The bottom line, Waters said, is that EVs have “instant torque,” the twisting motion that turns wheels, that has enabled test cars to zip from 0 to 60 mph in less than 4 seconds. Waters said, “It’s hard to believe unless you experience it. Every Tesla owner knows what I am talking about.”
A limiting factor for electric race cars on oval courses is sustaining speeds over 150 mph. Due to the tremendous energy consumed to overcome aerodynamic drag at those speeds, current lithium batteries could only last about 10 minutes before a pit stop, Waters pointed out.
“Racing in excess of 150 mph on high-speed ovals will take a significant breakthrough in battery technology for EV race cars, or racetracks, to be competitive in the Indianapolis 500 or NASCAR events,” Waters said. Interestingly, there has been some discussion about modifying oval racetracks so that EV race cars could actually charge their batteries while racing. “It brings full-scale images of slot car racing –– everyone’s first racing experience as a kid!” Waters said.

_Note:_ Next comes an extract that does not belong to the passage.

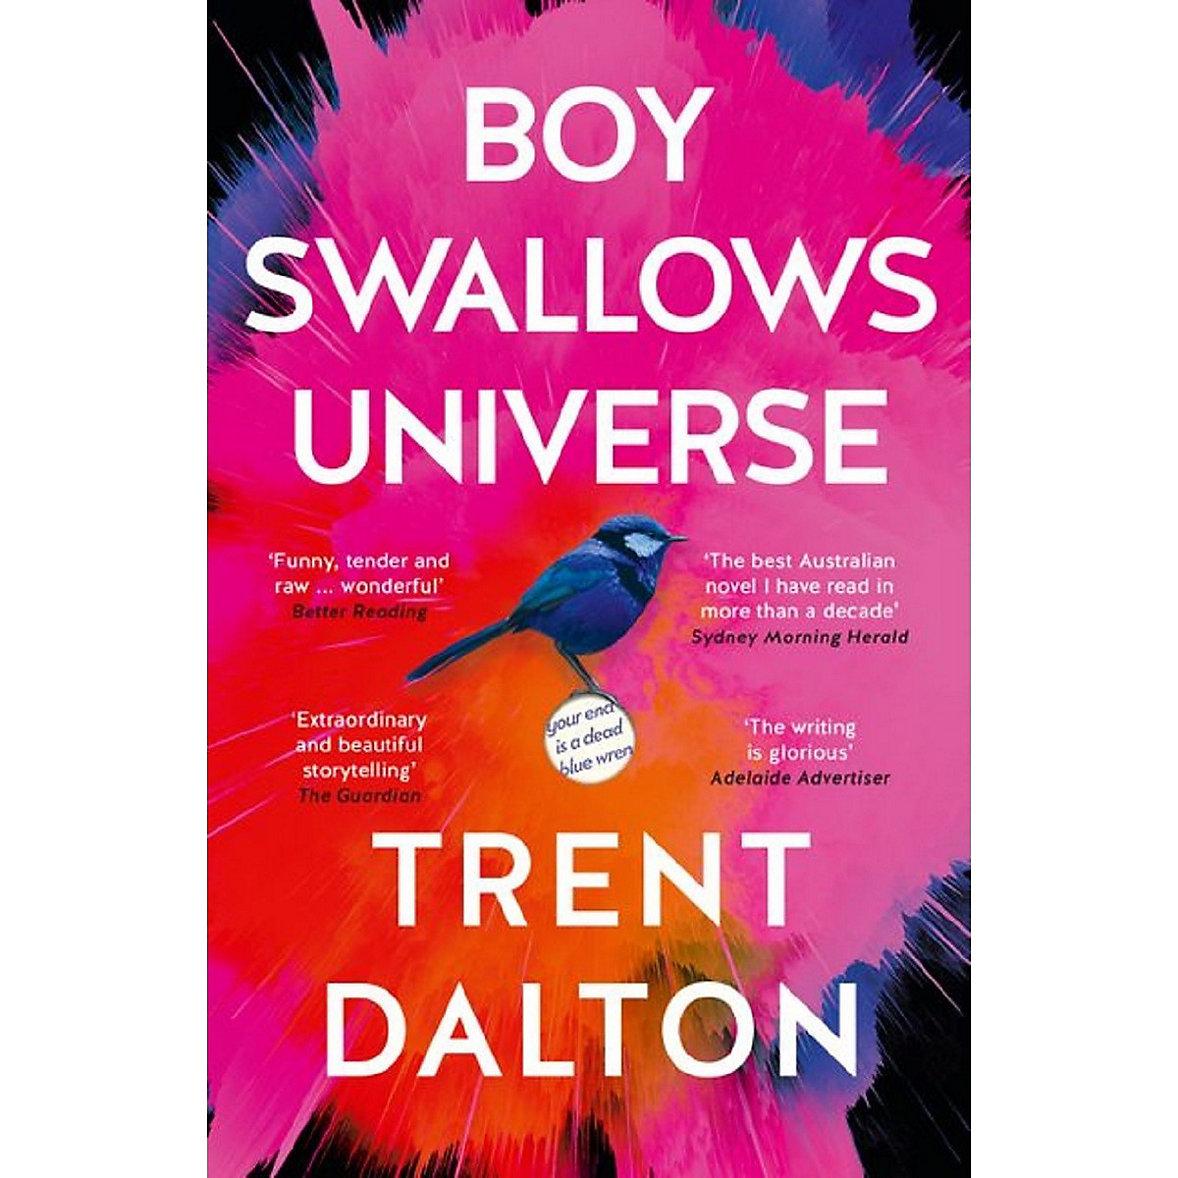 Boy Swallows Universe - Trent Dalton

Road-course racing, which takes place on real streets with turns and a lot of braking, however, is another matter. Technology such as regenerative braking, which recovers energy to recharge the battery, means the EVs can race from 0 to 150 mph for about 35 minutes, which is a comparable racing time to internal combustion engine racing.
“On road courses today, EVs already can compete with the fastest cars in the world,” Waters said. “With the dawn of new and advanced energy storage, we will soon see supercars –– electric race cars with instant torque –– that accelerate in a blink of an eye and reach top speeds of 200 mph or more. And this will all happen with an appealing but moderate sound, minimal heat and absolutely no exhaust fumes belching from exhaust pipes. And one more thing: It will cost race teams less money to own and operate their cars than they spend today on non-sustainable technology.”